2.) Spiegelreflexkamera nach Anspruch 1, dadurch gekennzeichnet, daß das Herunterklappen des Spiegels (11) in die Arbeitsstellung gegen die Wirkung einer Feder (17) erfolgt, indem ein Handgriff (25) zwecks Spannung des Federmechanismus des Kameraauslösers (24) um eine Umdrehung gedreht wird.

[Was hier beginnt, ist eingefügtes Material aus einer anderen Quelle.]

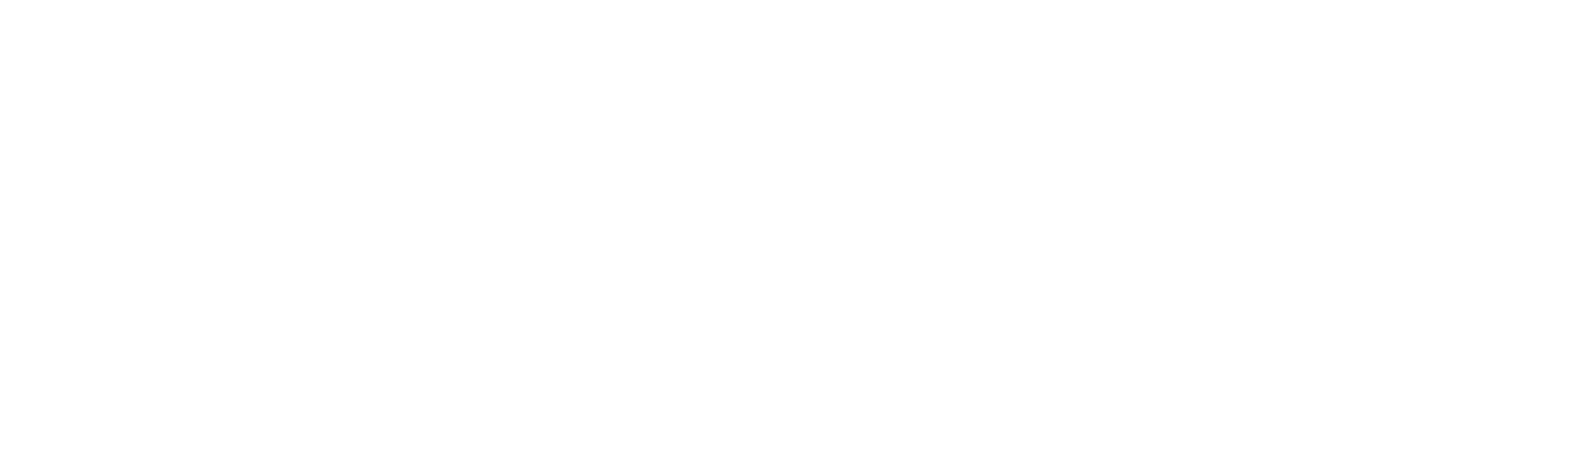 OHB SE logo grand pour les fonds sombres (PNG transparent)

3.) Spiegelreflexkamera nach Anspruch 2, dadurch gekennzeichnet, daß an der mit der Drehachse (4, 5) des Bügels (8) parallelen Drehachse (26) des Handgriffs (25) eine Scheibe (27) mit einem Ansatz (28) befestigt ist, in dessen Weg beim Umdrehen der letztgenannten Achse (26) sich ein Teil (29) eines konaxial mit der Drehachse (4, 5) des Bügels (8) drehbar gelagerten Mitnehmers (15, 18) befindet, der dazu dient, die Drehbewegung des Handgriffs (25) auf den den Spiegel (11) tragenden Bügel (8) nachgiebig zu übertragen.